The contrasting cultural experience was visiting Hat Yai’s Central Shopping Mall, a dizzying 6-floor mega-mall with a central interior courtyard, escalators, international brand-name shops (we seldom see – even in the States) along with it’s indoor ice rink, I-Max theater and convention center. Hat Yai is 3 hours over the central mountain range from Trang, on the East coast with 800,000 Thais in it’s metro area. Quite a revelation for us as we’ve been in southern Thailand for 5 years now and never knew such a large city loomed over the mountain and south toward Malaysia. We like our side with it’s urban population of 56,000 and hardly any tourists.
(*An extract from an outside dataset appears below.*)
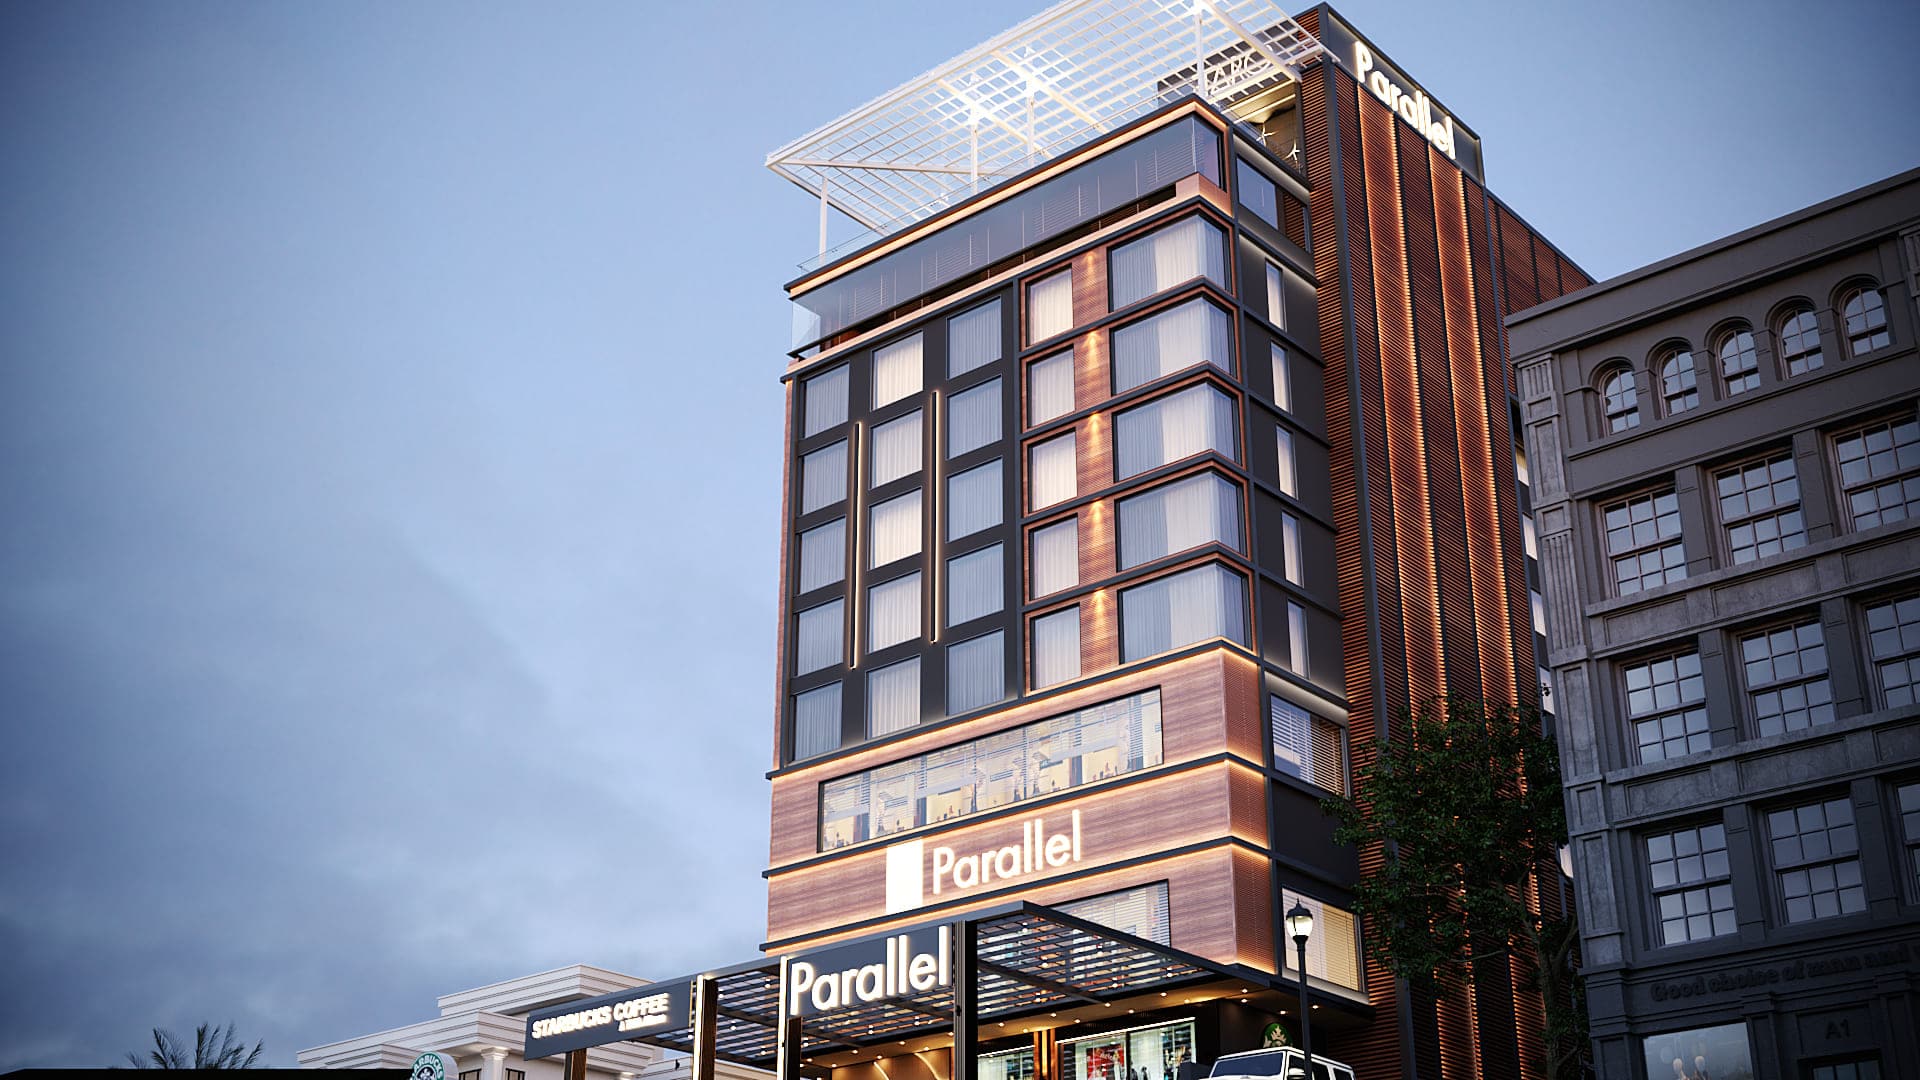 Parallel Hotel- A Stylish Urban Oasis

Fortunately on the way home, TigerSong took us up the coast an hour where we visited a newly constructed market at Thale Noi, where they channelled off a lagoon of the famous water lilly lake and built a perimeter of rambling elevated walkways of traditional Thai merchants selling traditional foods and handicrafts. The stormy day didn’t offer many wonderful photographic opportunities.
Almost forgot to include a photo of the swimming herd of water buffalo we saw crossing the channel between their wetland habitat and the Thale Noi lake. I’m eager to show anyone the video of them swimming and then rising up on a submerged bank.
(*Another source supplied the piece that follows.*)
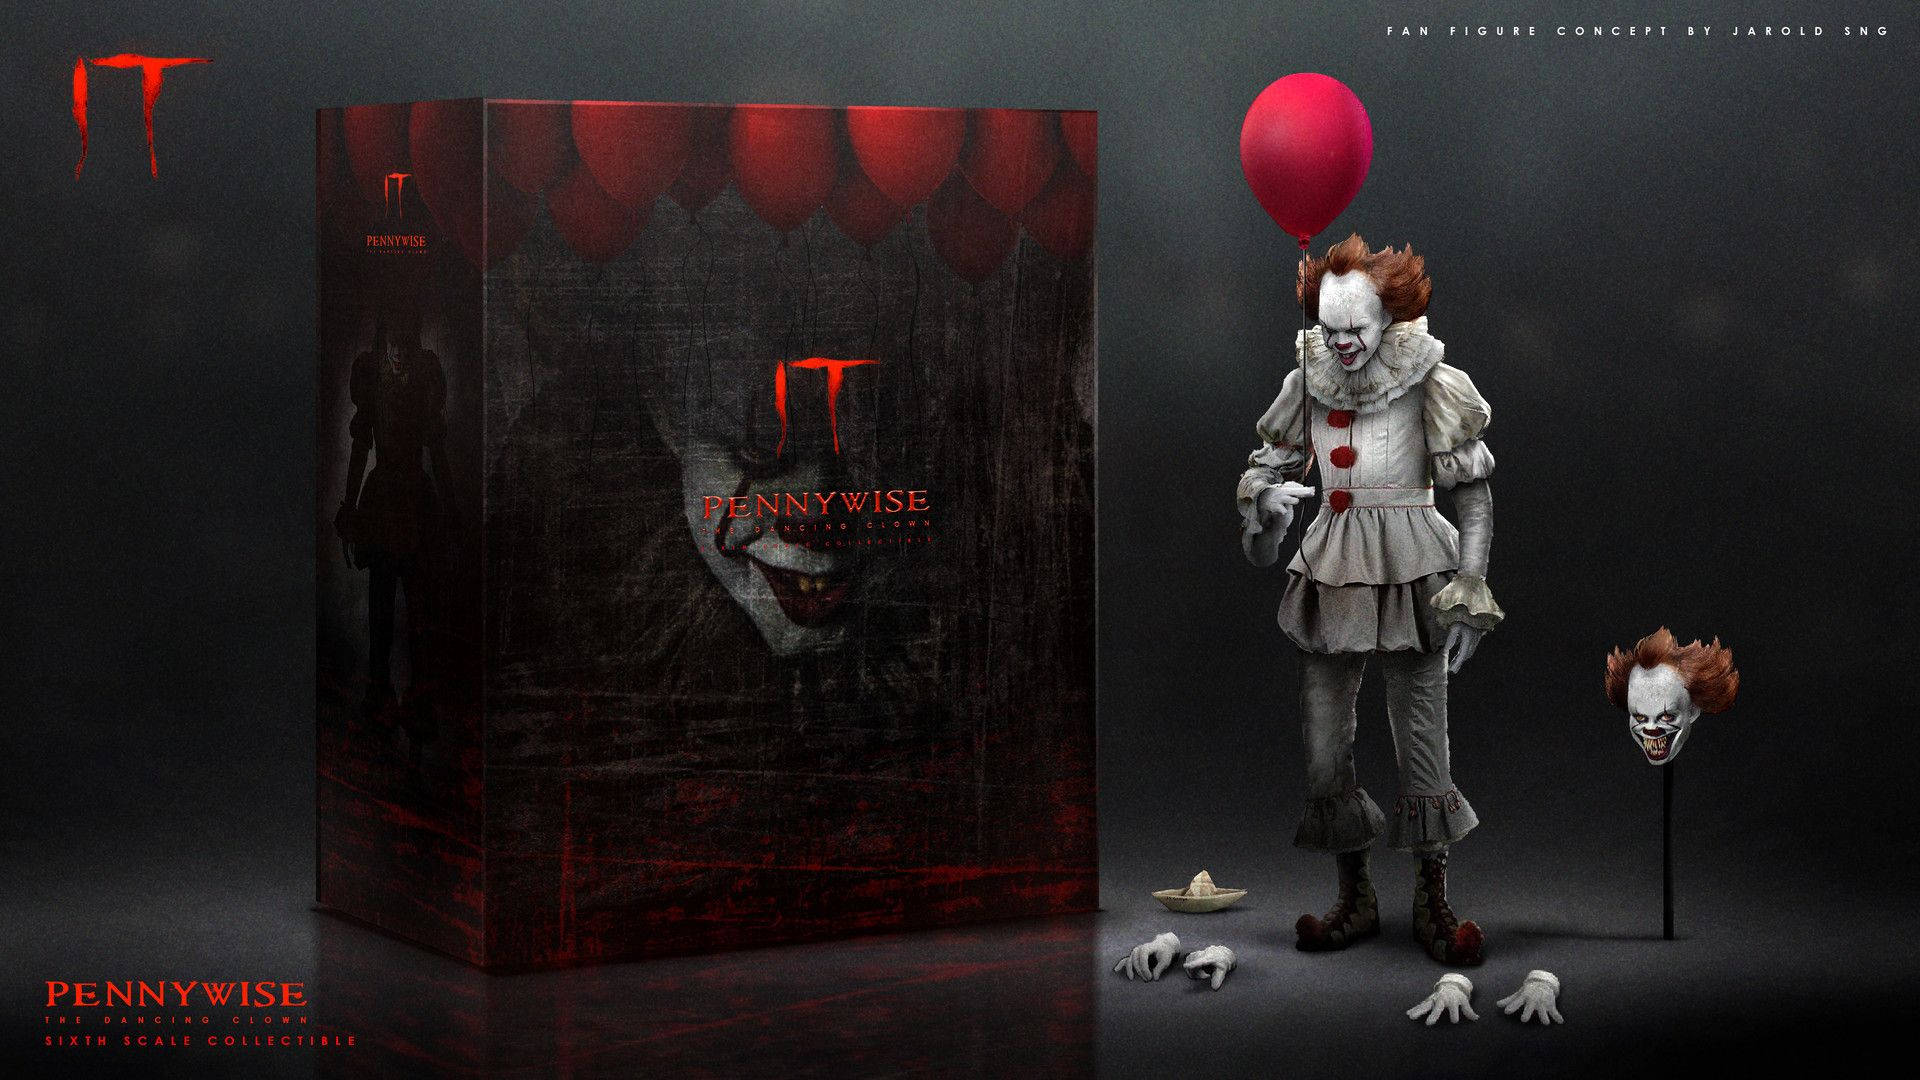 Hd Pennywise Figurine Background

Long day, but we’ve now seen new territory and some more of Thailand’s changing times.
Luk loms from Jum and Ken’s knowledge: A better translation may be “child of the wind” or “son of the wind”. Originally they were a type of “pest control” to keep birds and insects out of the rice fields around harvest time. Over time people began to try to out do each other and build the best luk lom and it became kind of a competition. Although no longer used for pest control, they tradition has remained and become what it is today, a local festival. According to Jum, this was once widely done throughout the south, but had slowly died out, along with knowledge of its origins. But, again thanks to Jum and her curiosity for such cultural things, I can tell you what I learned when we first moved here.
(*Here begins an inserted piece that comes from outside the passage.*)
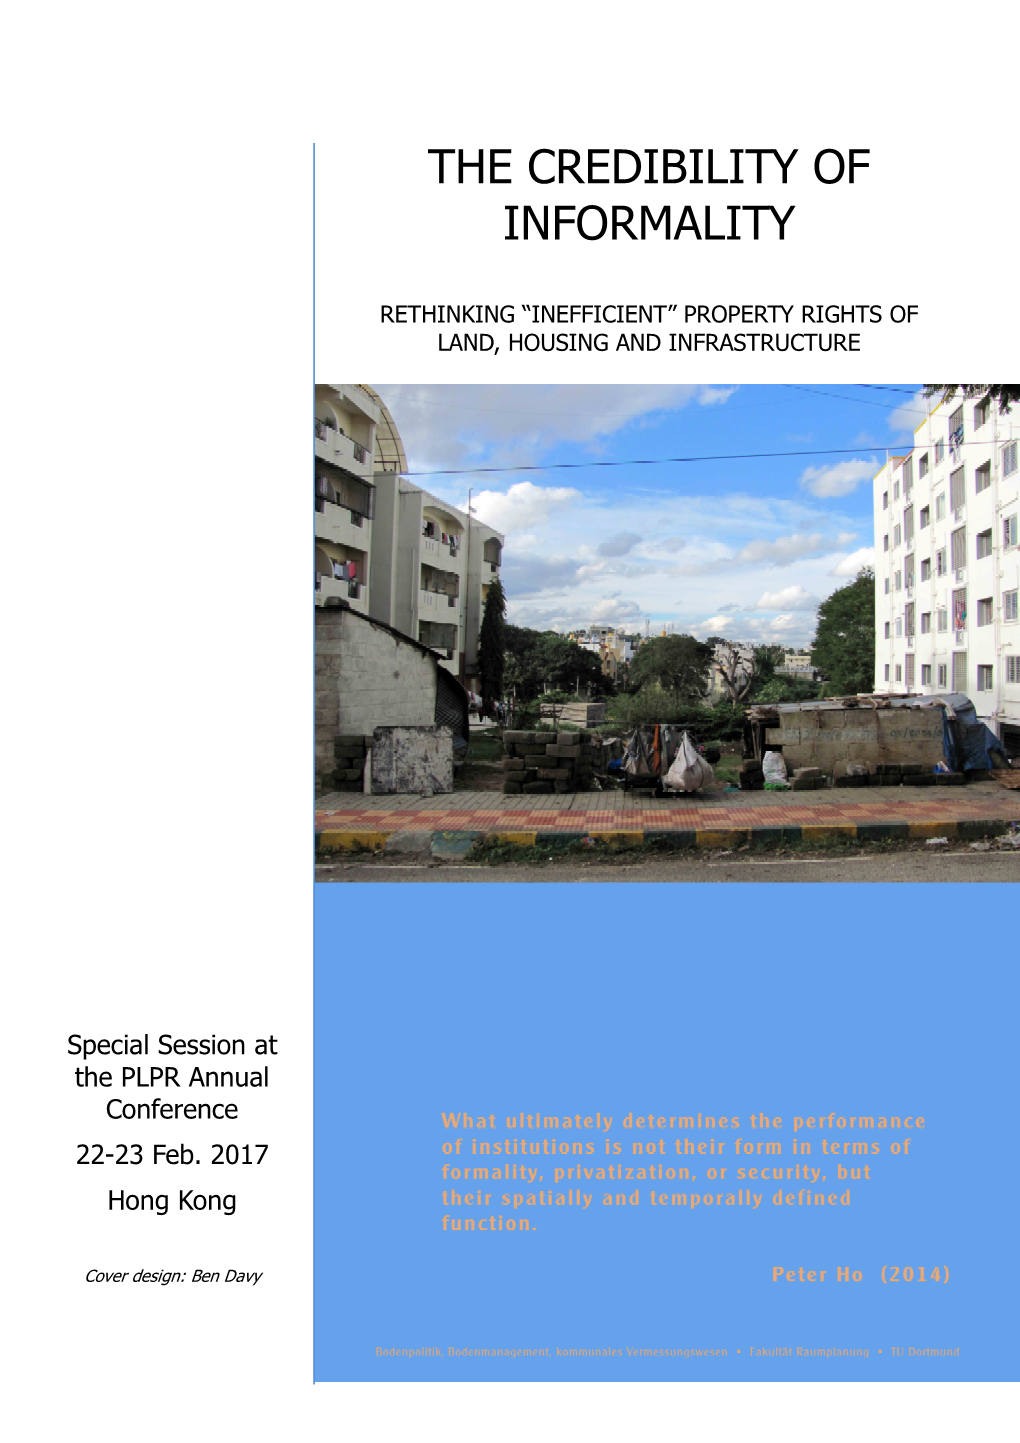 The Credibility of Informality

Like many other things in SE Asian Buddhist cultures it traces its roots back to the Hindu Brahman traditions and the Vedas. It is based on a legend where Vayu, the Hindi god of the wind, was busy with preparing for harvesting his rice crops and taking care of his other “divine” duties. Vayu had to leave for some reason (I cannot recall why, some sort of “divine mission”) and told his son to watch the rice crops and keep the birds from stealing it until he could return to harvest the rice. His son, who did not want to kill the birds (after all they were only trying to eat), realized he could not protect all of the fields at once and that if he used his power to control the wind to blow the birds from the fields that he would also destroy the crops. Being rather inventive, he designed the bamboo windmill which in Thai is known as “luk lom” to make noises and movements that would scare the birds (and insects / locusts) away from the fields. He could then place the windmills around the rice fields and use the ability to control the wind (he was the son of the wind god, after all) to blow the windmills, which would spin and make the “singing noise” from the hollow bamboo flutes on the ends of the blades, and the motion and noise would keep the rice field safe.
When Vayu returned he was very impressed and showed his son’s handy work to the other Vedas (? guardians?) who were also impressed and told him to share this with the humans so that they could also protect their crops from the birds. And thus the origin of the tradition.
Apparently, the origin myth associated with the luk lom is no longer as well known as it once was, just like building them. Another casualty of modernization and loss of cultural heritage due to the loss of knowledge and traditions no longer being transferred from generation to generation as people now keep their heads stuck in their smartphones rather than engaging in such personal interactions.